Dataset section.

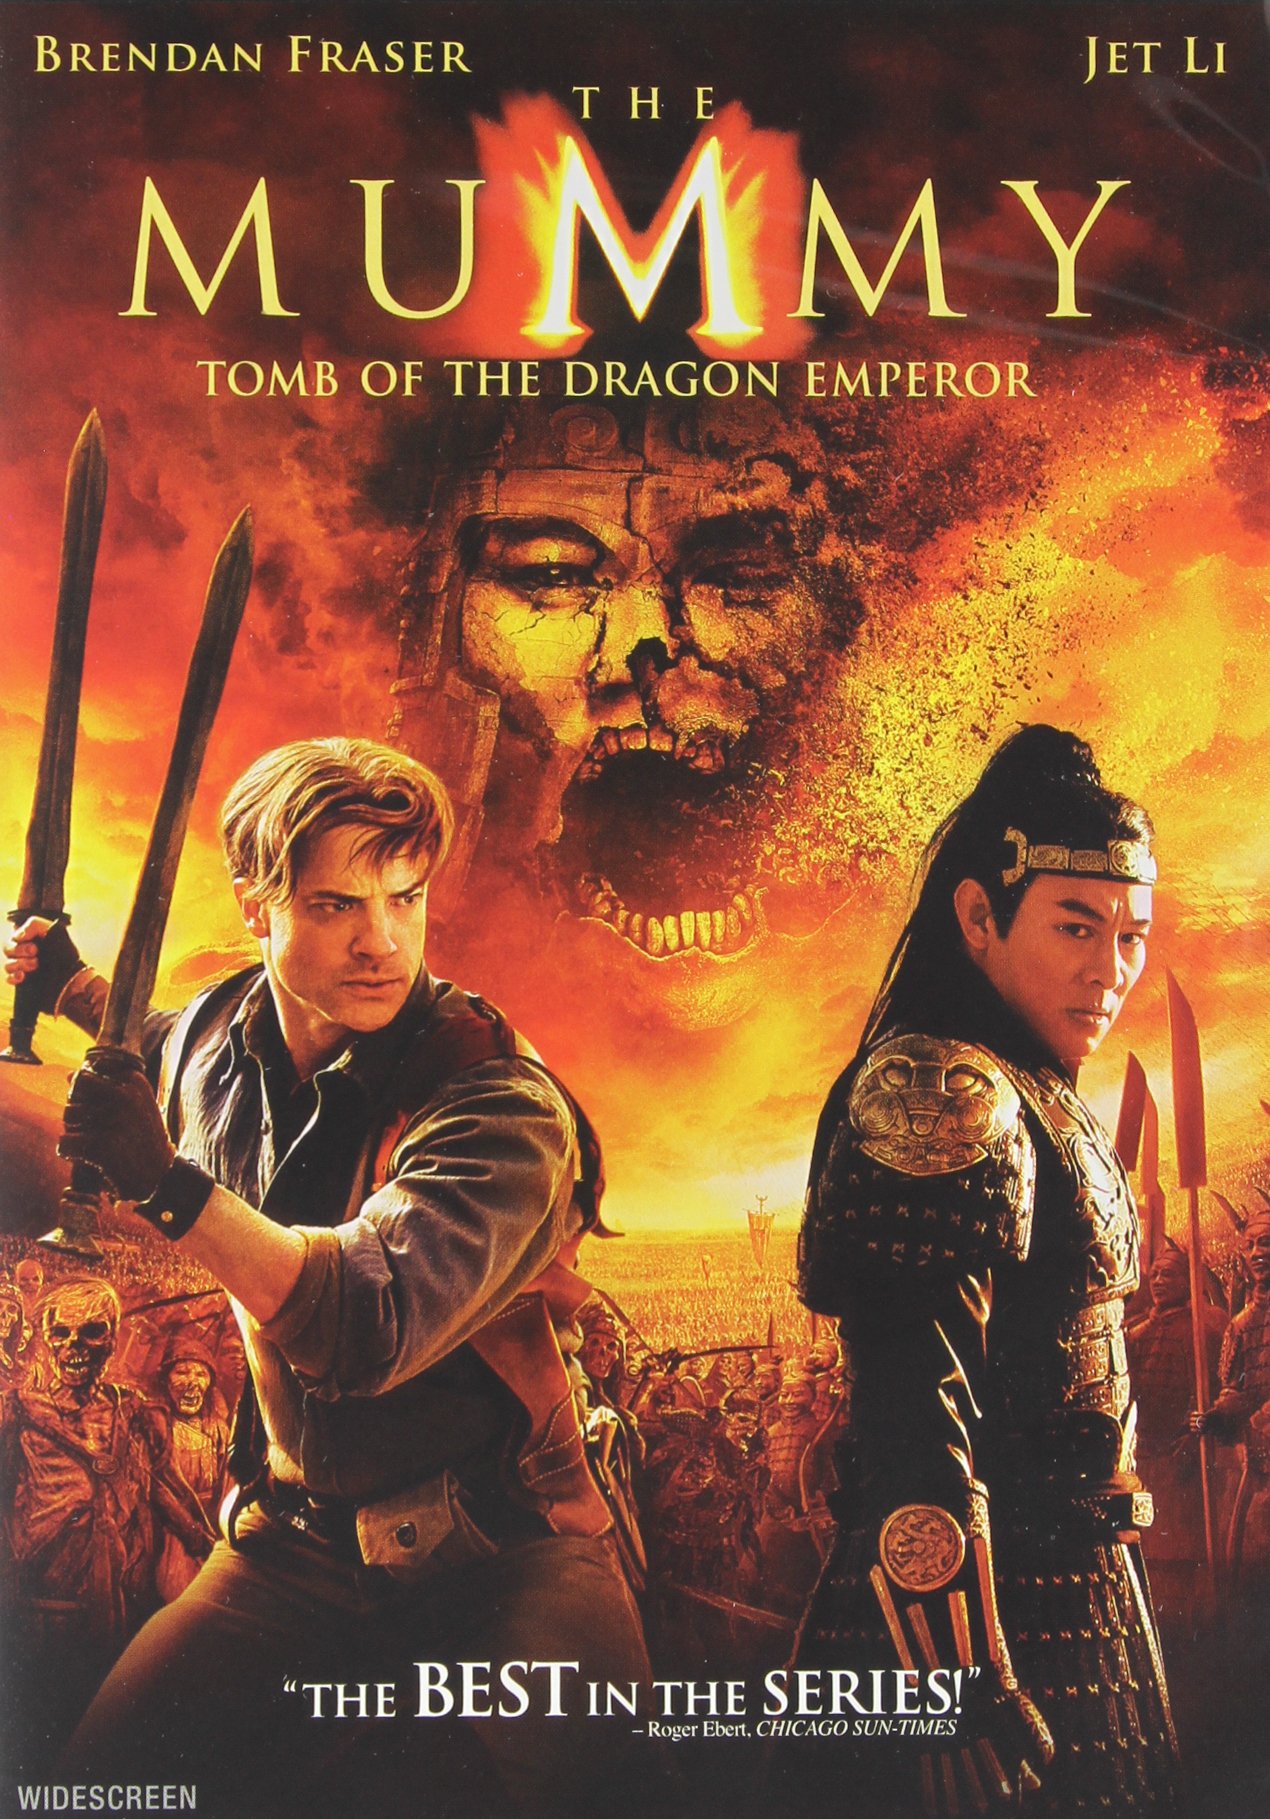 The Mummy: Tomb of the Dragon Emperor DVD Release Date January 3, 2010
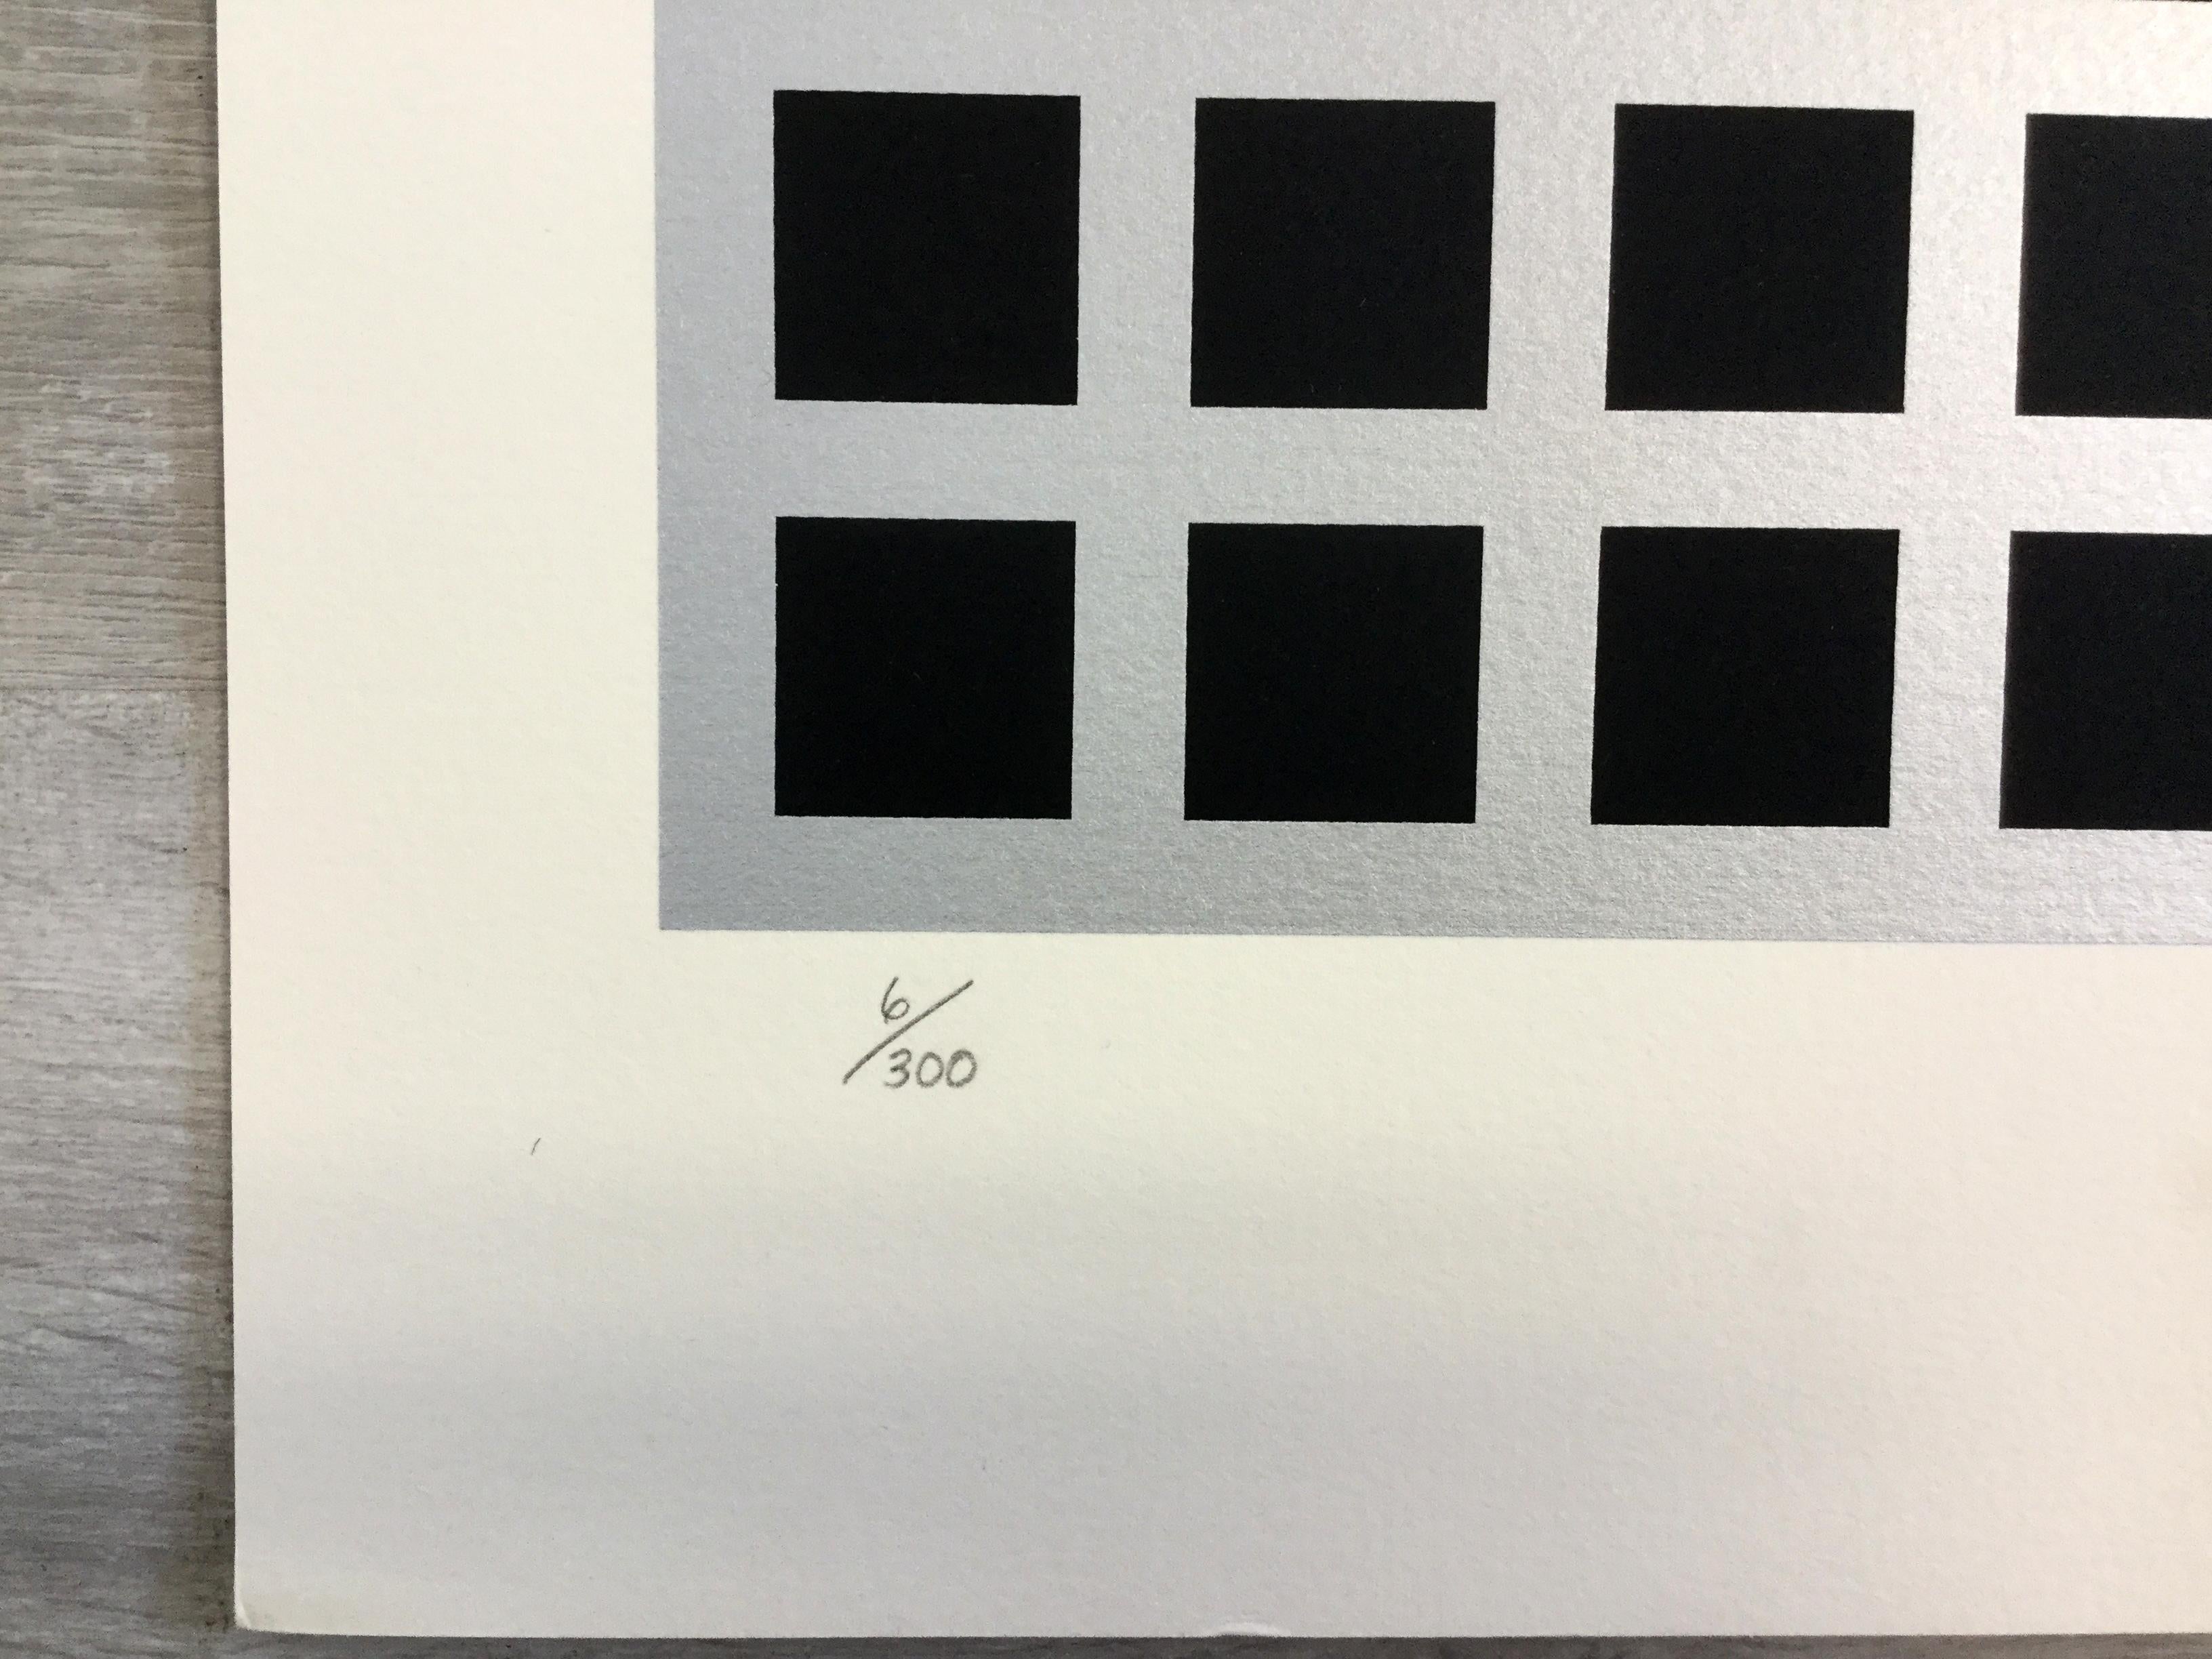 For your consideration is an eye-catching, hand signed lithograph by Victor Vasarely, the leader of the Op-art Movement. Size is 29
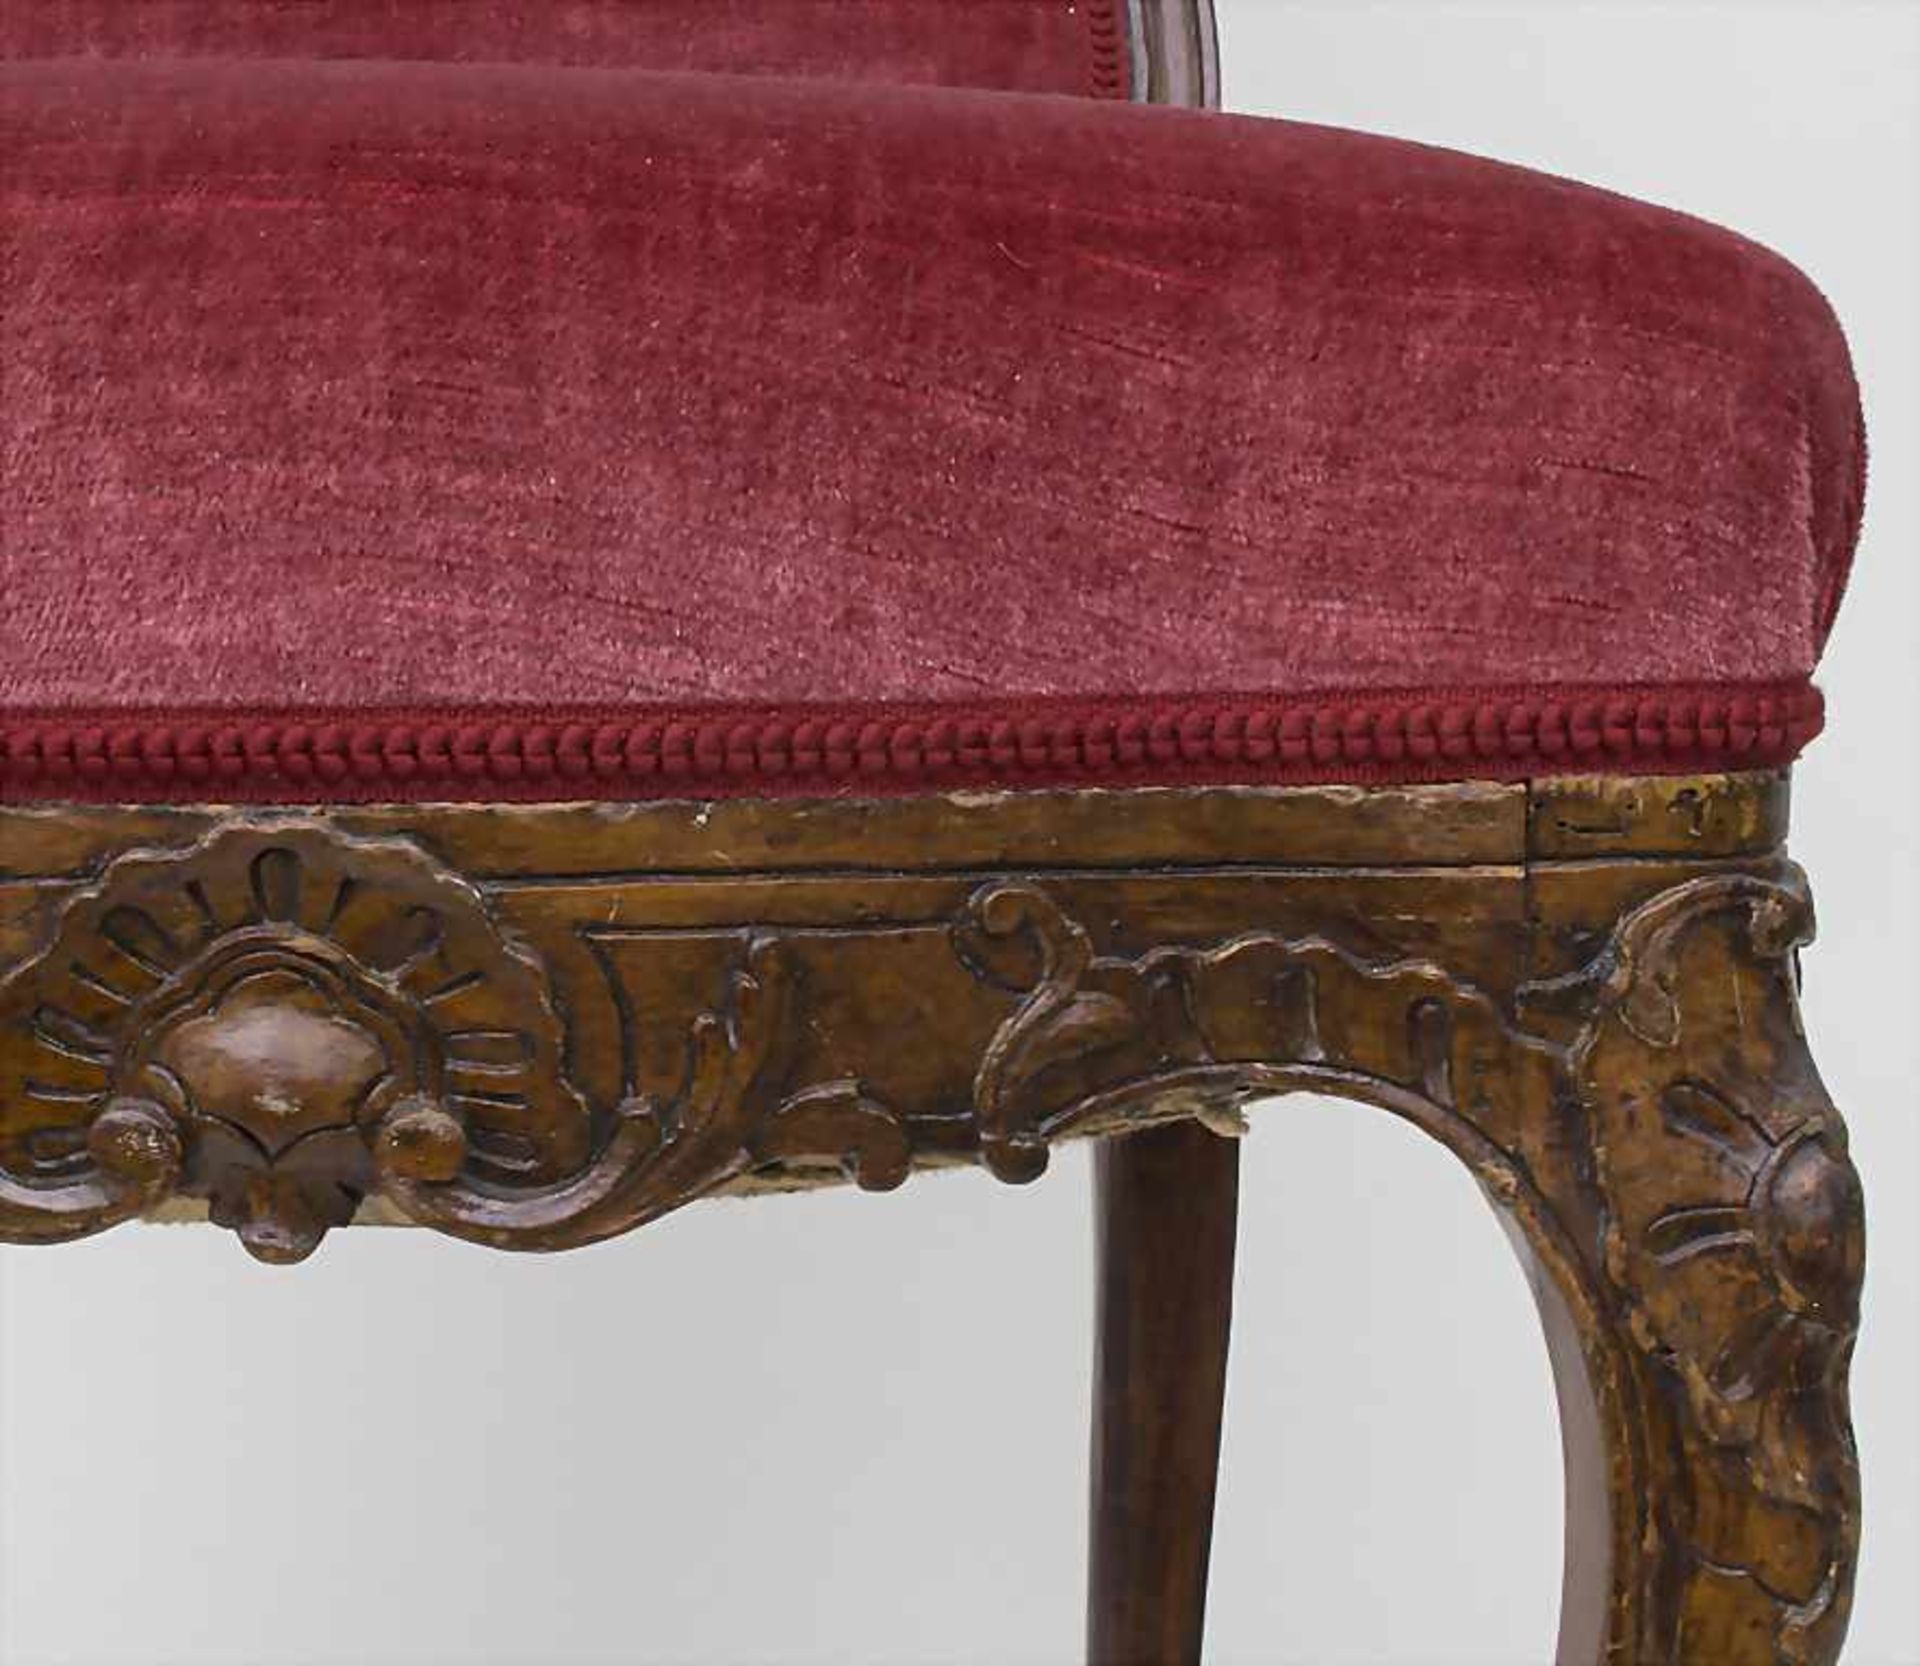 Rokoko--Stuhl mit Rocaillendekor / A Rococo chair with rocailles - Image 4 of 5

Your instructions.
Transcribe the preceding listing in its entirety and with exact wording, leaving out pictures.

Answer for this exercise.
 The Mummy: Tomb of the Dragon Emperor DVD Release Date January 3, 2010
 For your consideration is an eye-catching, hand signed lithograph by Victor Vasarely, the leader of the Op-art Movement. Size is 29
 Rokoko--Stuhl mit Rocaillendekor / A Rococo chair with rocailles - Image 4 of 5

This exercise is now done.